Message: SERVER-46406 Perf improvements in the logger.

Use fmt::compile and fmt::format_int when possible.

(cherry picked from commit 5094b4f2f2ee9de07dc4c3d3c320e967595496f1)
Branch: v4.4
https://github.com/mongodb/mongo/commit/bc43f398697282a5fedb129d6913ef09244af6fb

Comment by Henrik Edin [ 13/Mar/20 ]

Looked into the difference in run time by comparing the sharding suite in these two runs:

Jan 24:
https://evergreen.mongodb.com/task/mongodb_mongo_master_enterprise_rhel_62_64_bit_display_sharding_38ec223f7478be14fc3bf082643a1109efaeb57c_20_01_25_02_28_44

Feb 25:
https://evergreen.mongodb.com/task/mongodb_mongo_master_enterprise_rhel_62_64_bit_display_sharding_742ac9b37b1d8f489e1b259a0a3575f8811edac4_20_02_25_14_46_48

Execution subtasks went from 26 to 28
Cumulative time went from 1h 54m 55s to 2h 16m 53s
Wall clock time went from 31m 32s to 1h 0m 10s

Before there was 972 jobs that had a total runtime of 3h 37m 15s
After there was 1012 jobs that had a total runtime of 3h 58m 15s

The number of jobs increased, the cumulative time increased with around 20% but the wall clock time with a whopping 100%.

When looking at the logs from the various subtasks you notice:

Before the gen task finished 21:33 and the exec tasks started around 21:53 and ran for up to 10min
But after we have a gen task that finished 10:01 and some exec tasks that start at 10:20 but most of them doesn't start until 10:50. That's 50min of no work, this is where the wall clock time is going.

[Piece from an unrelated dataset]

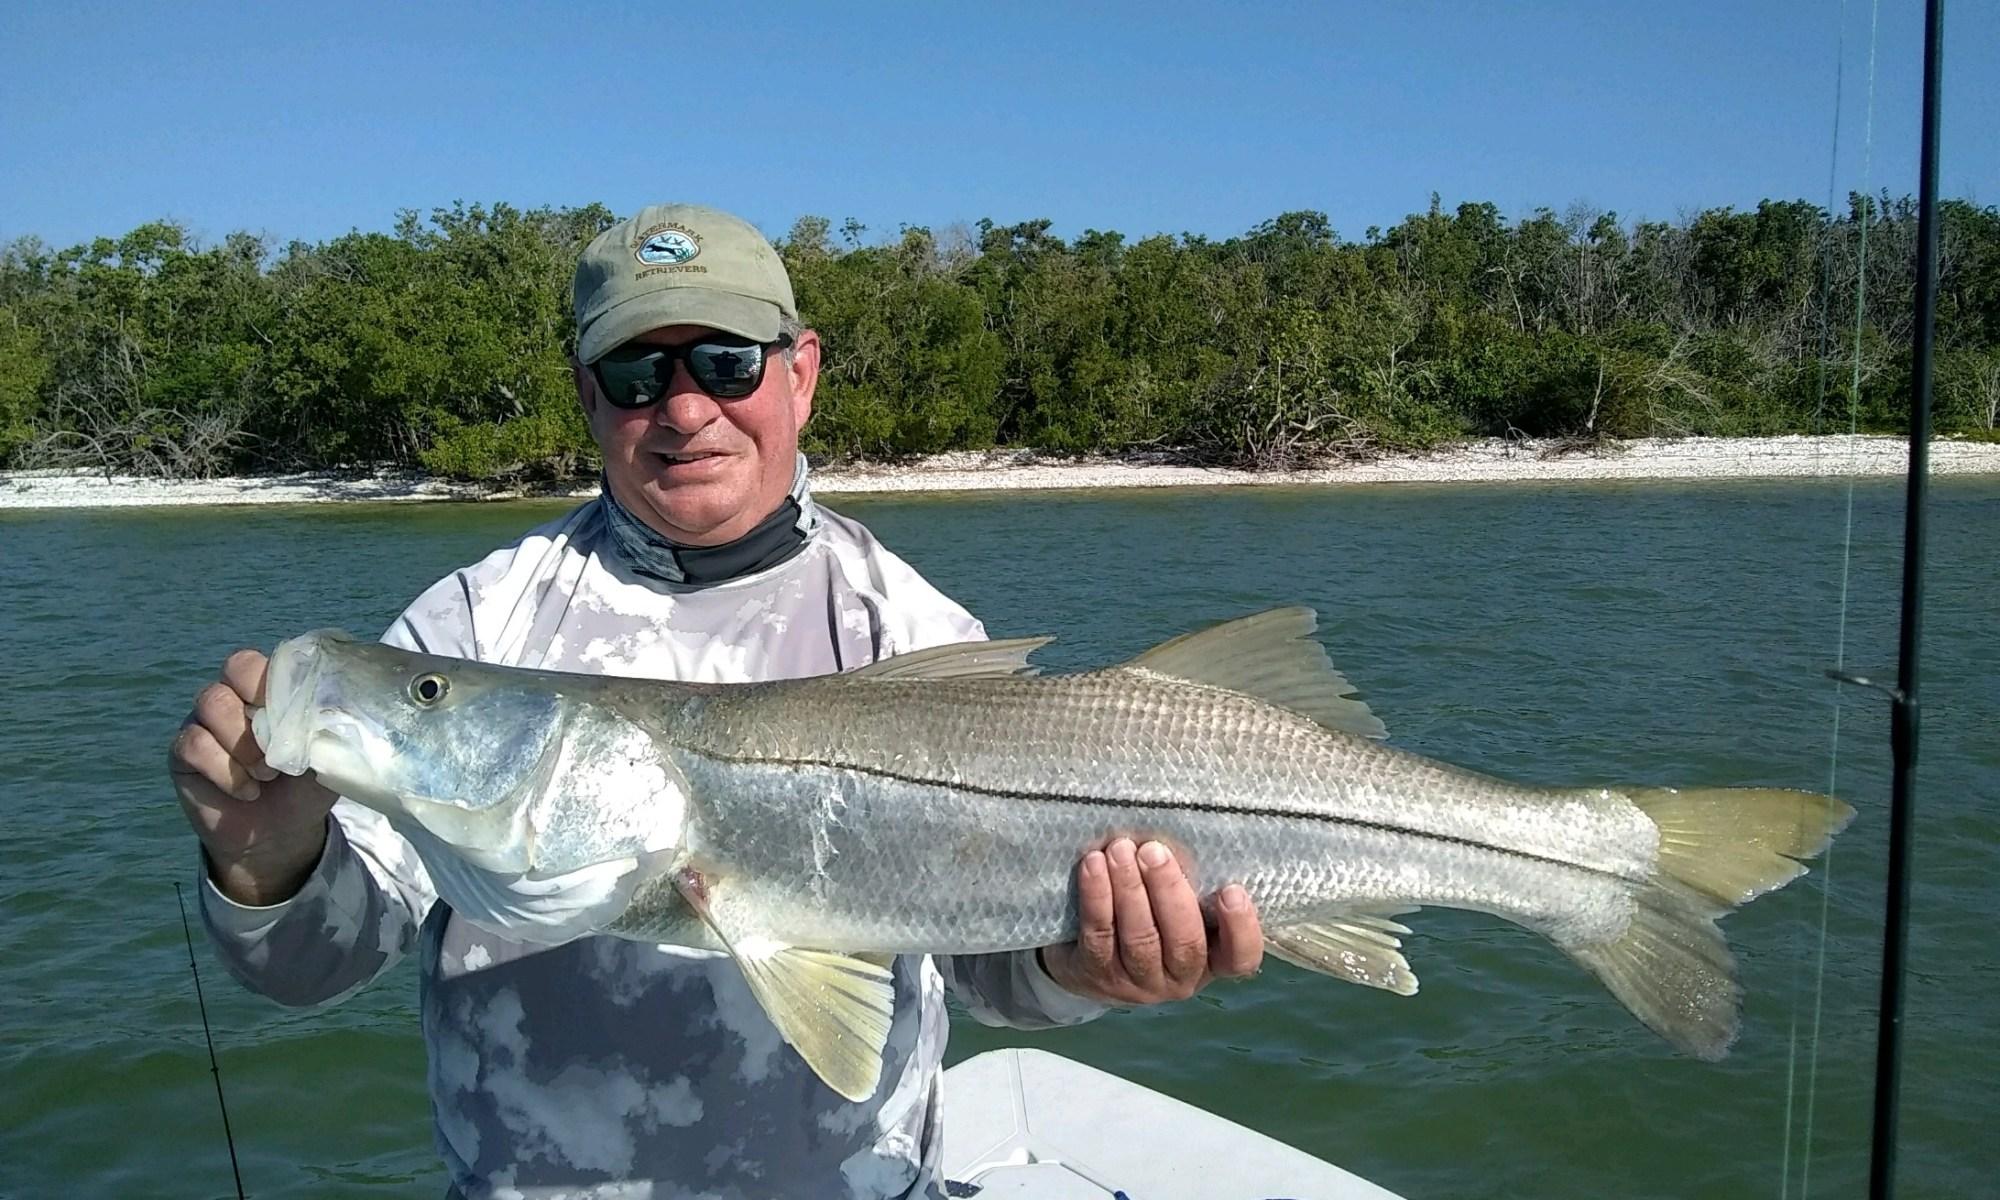 Angler holding Snook

So from what I can tell the problem is a scheduling / resource issue at Evergreen. There's not enough hosts to schedule the execution, leading to long wall clock times. When they do eventually run the execution time is not much different and even if there was an increased total execution time there are also more tests that run now than before.

I will close this ticket with the CPU perf improvements that has been committed.

Comment by Githook User [ 13/Mar/20 ]

Author:

{'name': 'Henrik Edin', 'username': 'henrikedin', 'email': 'henrik.edin@mongodb.com'}

Message: SERVER-46406 Perf improvements in the logger.

Use fmt::compile and fmt::format_int when possible.
Branch: master
https://github.com/mongodb/mongo/commit/5094b4f2f2ee9de07dc4c3d3c320e967595496f1

Comment by Mark Benvenuto [ 12/Mar/20 ]

Assigning to henrik.edin since he is making the code changes to address some of the issues identified.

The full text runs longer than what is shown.